Sheep pox is an infectious viral disease that affects specifically sheep and it is caused by the Capripoxvirus genus. The clinical signs include fever, diarrhea, difficulty breathing, nodules, lung lesions and death. In Morocco, the 2010 epidemic of sheep pox was characterized by the emergence of a nodular form of the disease. The local strain was isolated and the analysis of affected animals was positively confirmed by virus isolation and real-time polymerase chain reaction (RT-PCR). The epidemiological analysis of 911 data records showed that the virus is endemic in the country; an average of 350 cases per year with an epizootic evolution was observed in 2010. The incidence varies depending on provinces and the disease appears confined to the central and the eastern regions of the country where a very intensive sheep breeding activity is taking place.

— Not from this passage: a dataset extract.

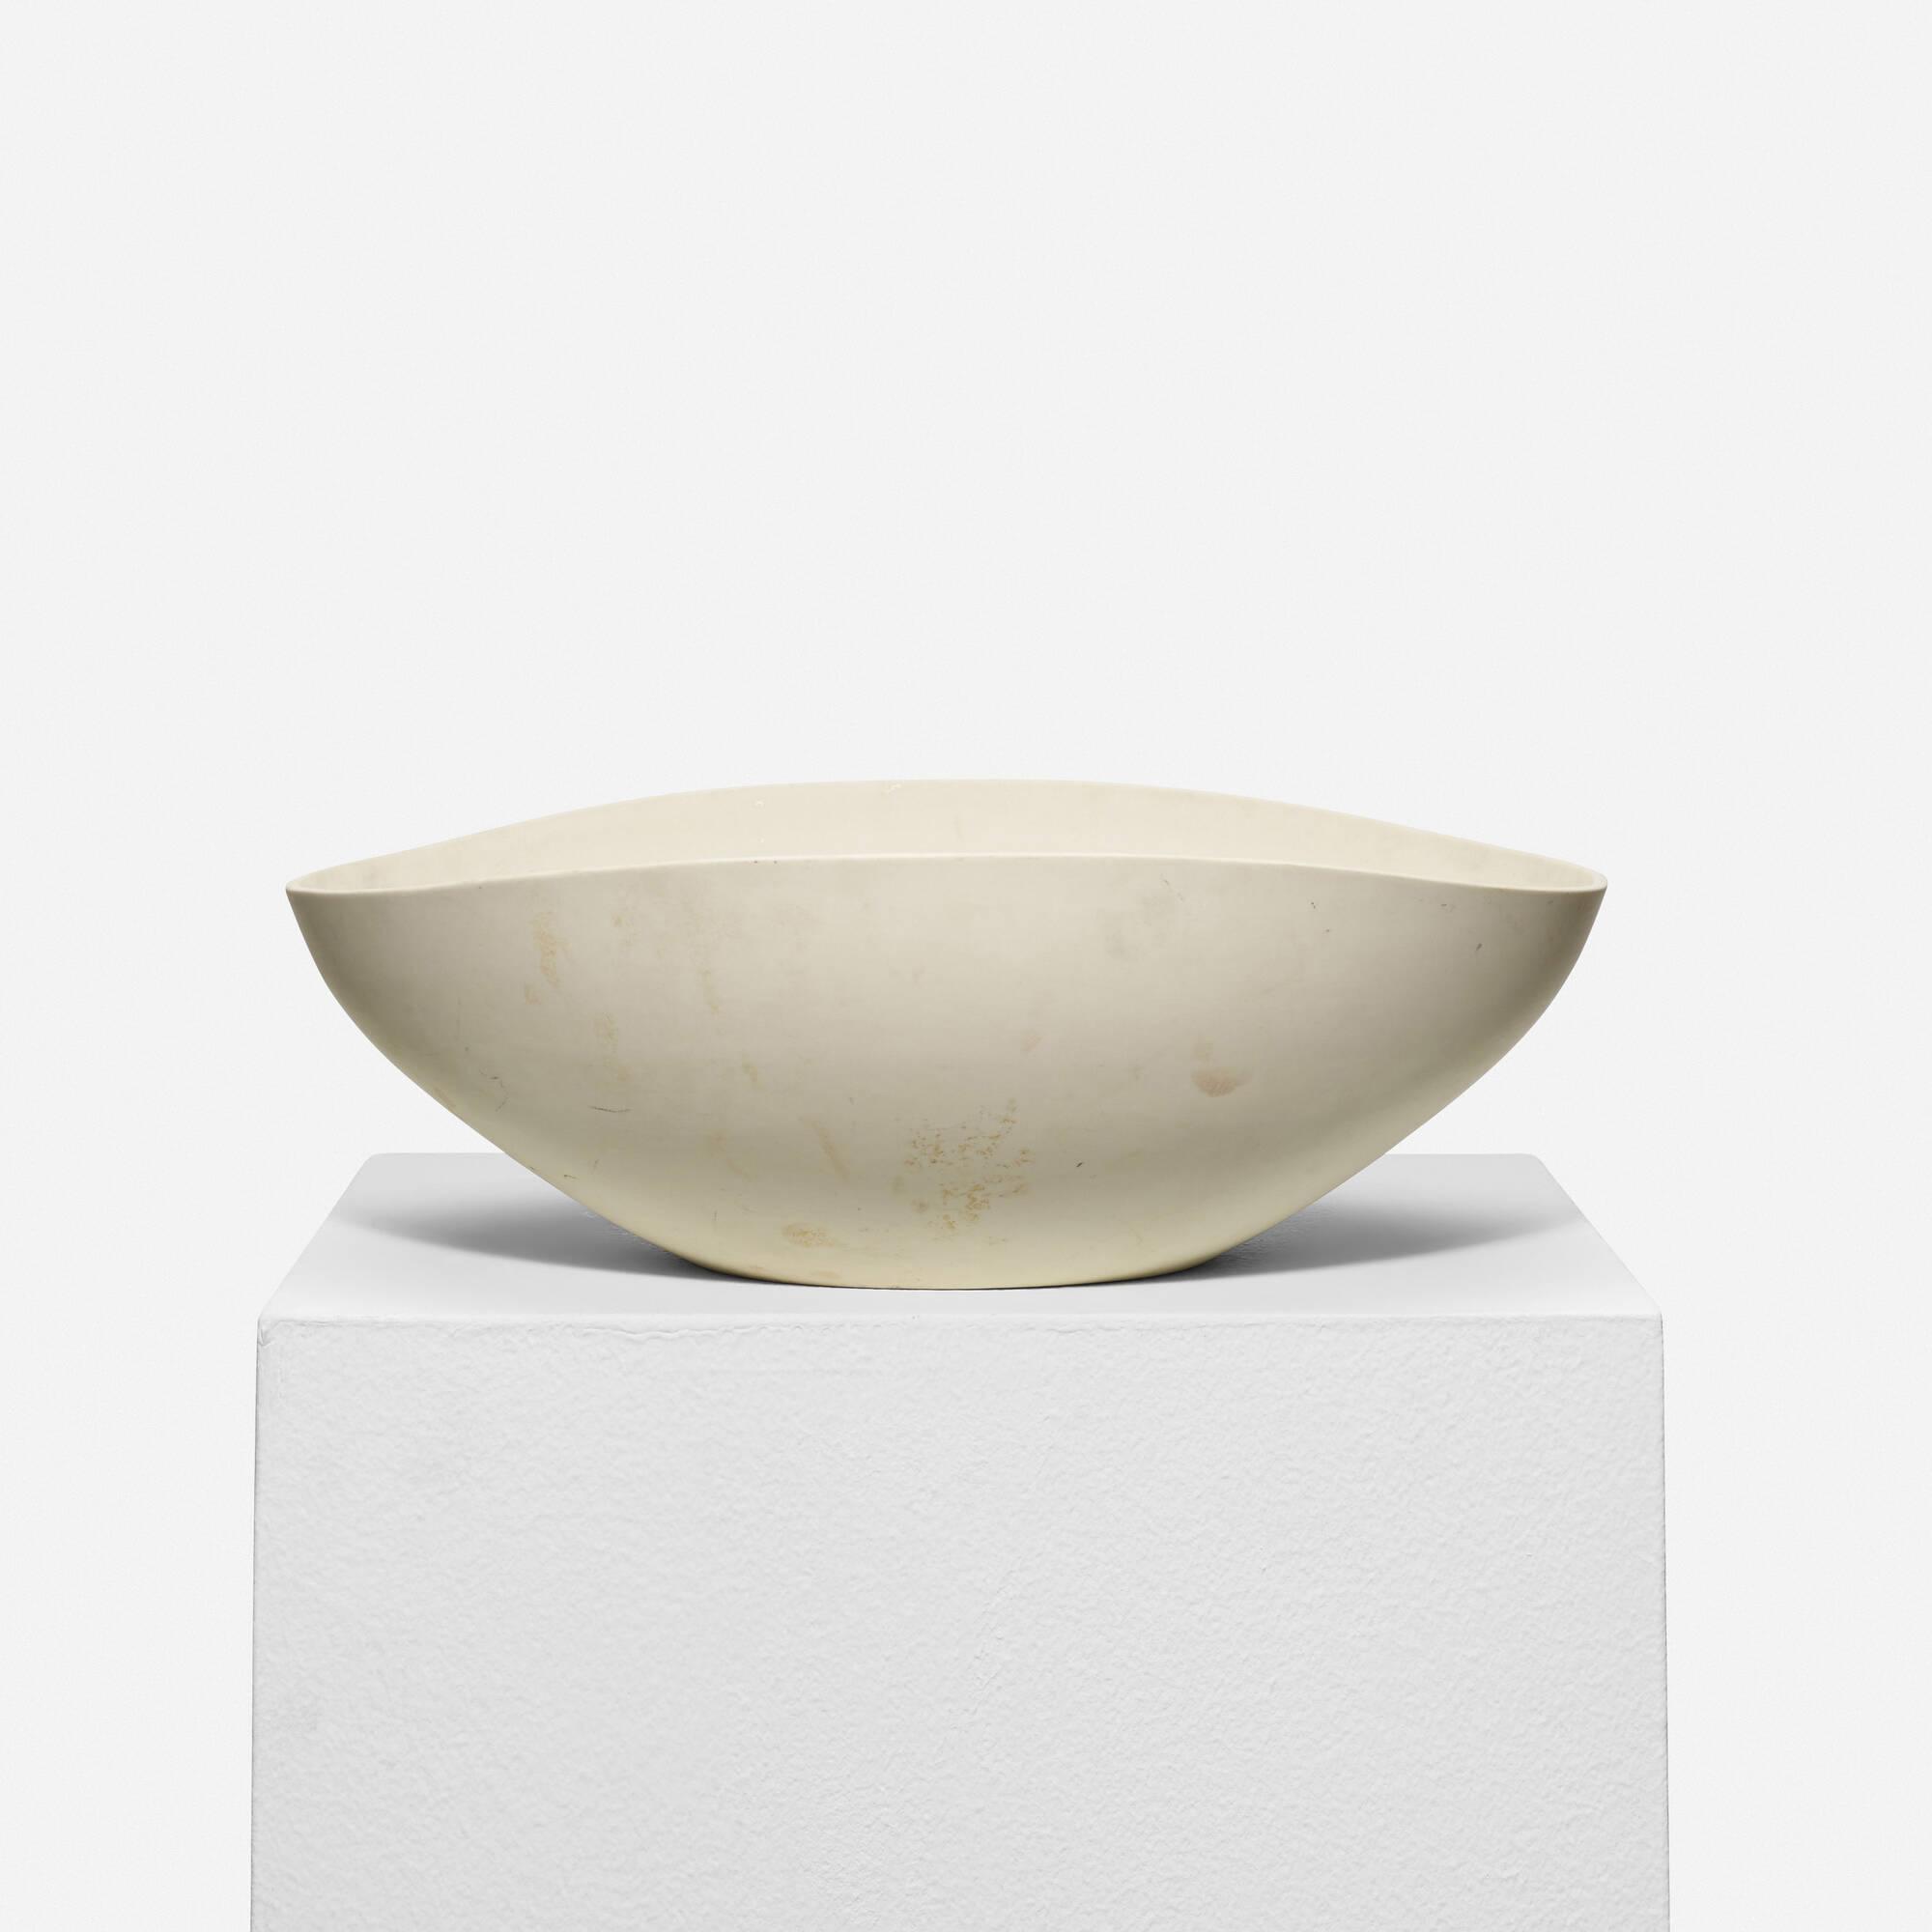 325: Eva Zeisel / prototype Museum Shape bowl (2 of 2)

The statistical analysis showed that there is a positive correlation between the endemicity and the significant factor of the rural market (p = 0.006). The annual average morbidity and mortality rates were 2.96% (1.26% to 4.32%) and 0.71% (0.41% to 0.94%), respectively. The clinical findings associated to the epidemiological data analysis confirmed the presence of sheep pox in its nodular form and suggest that new pathogenic strains may have been introduced from Mauritania. The purpose of this work was to provide a better description of the spatiotemporal evolution of sheep pox disease based on some epidemiological indicators and to put forward plausible hypotheses regarding the emergence of the virus in order to implement an adequate control strategy.